1. Academic Validation
  2. The combination of the NS5A and cyclophilin inhibitors results in an additive anti-HCV inhibition in humanized mice without development of resistance

The combination of the NS5A and cyclophilin inhibitors results in an additive anti-HCV inhibition in humanized mice without development of resistance

  • PLoS One. 2021 May 20;16(5):e0251934. doi: 10.1371/journal.pone.0251934.
Michael Bobardt 1 Christina M Ramirez 2 Marc M Baum 3 Daren Ure 4 Robert Foster 4 Philippe A Gallay 1
Affiliations

Affiliations

  • 1 Department of Immunology & Microbiology, The Scripps Research Institute, La Jolla, California, United States of America.
  • 2 Los Angeles (UCLA) Fielding School of Public Health, University of California, Center for Health Sciences, Los Angeles, CA, United States of America.
  • 3 Department of Chemistry, Oak Crest Institute of Science, Monrovia, CA, United States of America.
  • 4 Hepion Pharmaceuticals, Edison, New Jersey.
Abstract

We and Others previously reported that the direct-acting agents (DAA) NS5A inhibitors (NS5Ai) and the host-targeting agents Cyclophilin inhibitors (CypIs) inhibit HCV replication in vitro.
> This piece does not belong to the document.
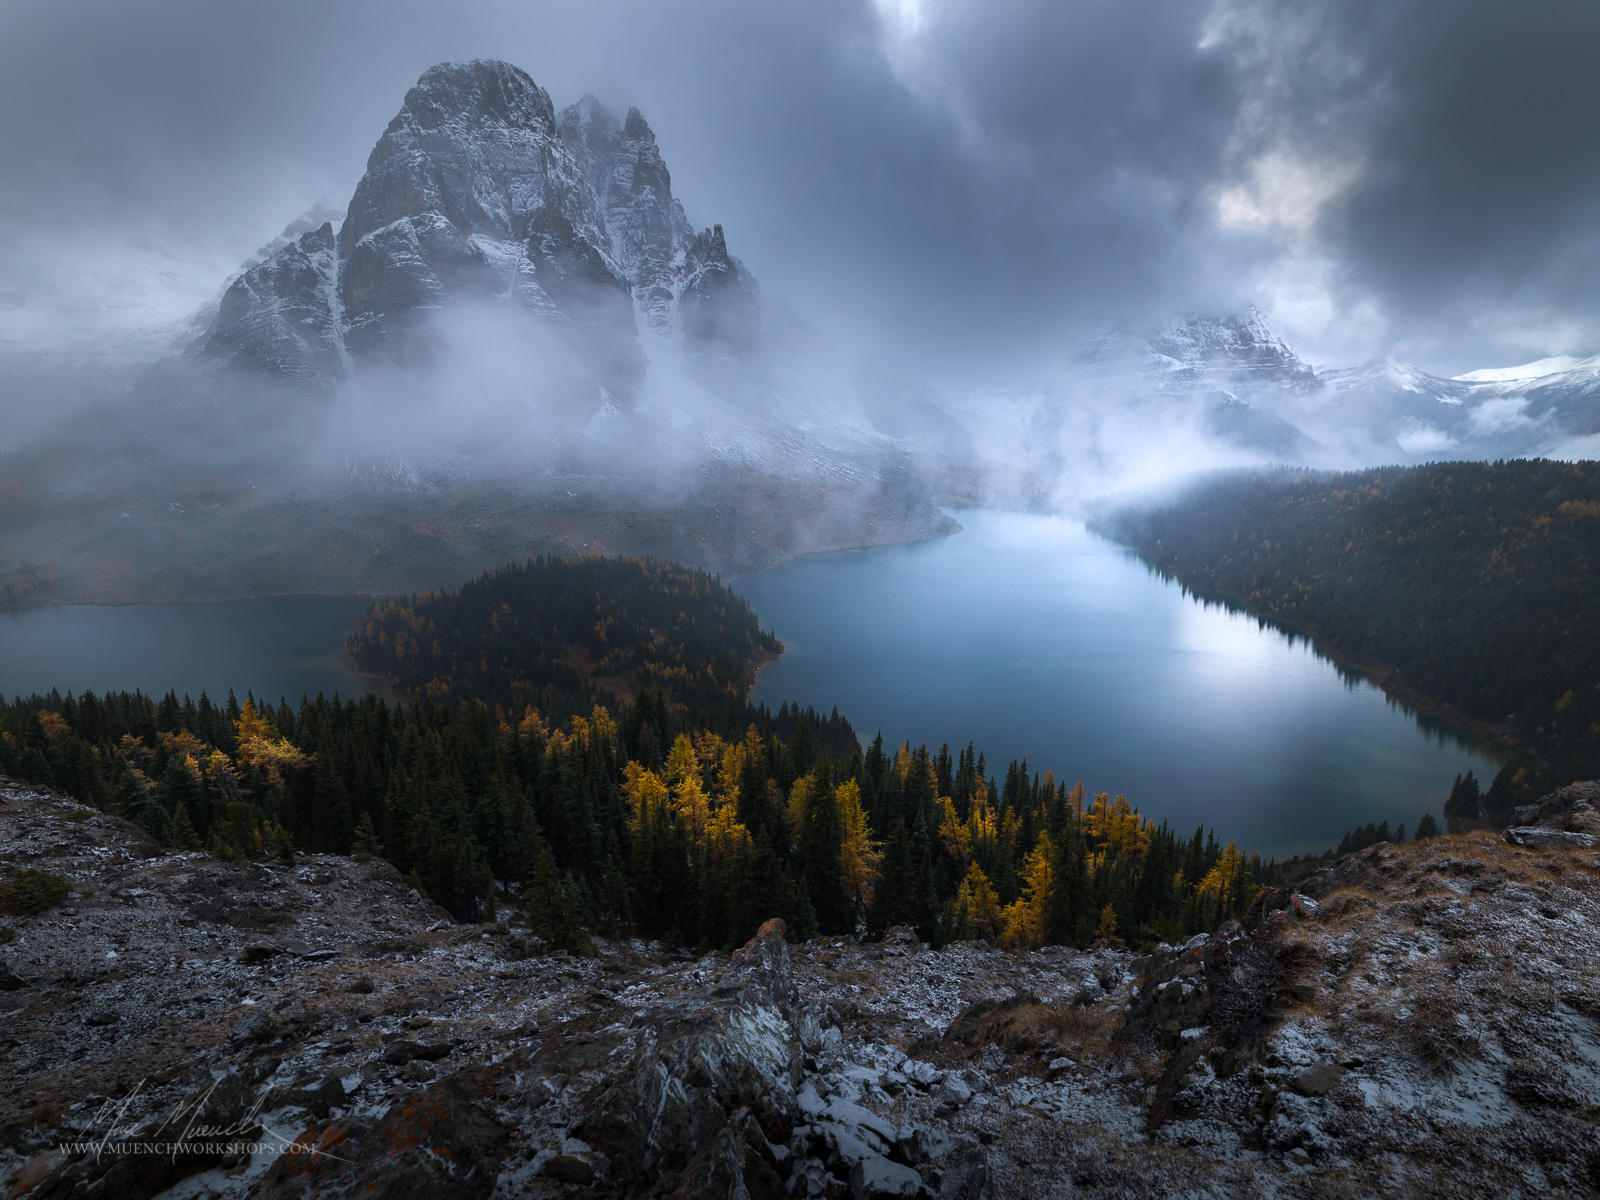 Sunburst Peak, Mount Assiniboine Provincial Park, Canada.   (4x3)

In this study, we investigated whether the combination of NS5Ai and CypI offers a potent anti-HCV effect in vivo. A single administration of NS5Ai or CypI alone to HCV-infected humanized-mice inhibits HCV replication. The combination of NS5Ai with CypI suppresses HCV (GT1a, GT2a, GT3a and GT4a) replication in an additive manner. NS5Ai/CypI combinations provide a statistically more profound anti-HCV inhibition for GT2a and GT3a than GT1a and GT4a, leading to a fastest and deepest inhibition of GT2a and GT3a replications. Combining CypI with NS5Ai prevents the viral rebound normally observed in mice treated with NS5Ai alone. Results were confirmed in mice implanted with human hepatocytes from different donors. Therefore, the combination of NS5Ai with CypI may serve as a regimen for the treatment of HCV patients with specific genotypes and disorder conditions, which diminish sustain viral response levels to DAA, such as GT3a Infection, cirrhosis, and DAA resistance associated with the selection of resistance-associated substitutions present at baseline or are acquired during treatment.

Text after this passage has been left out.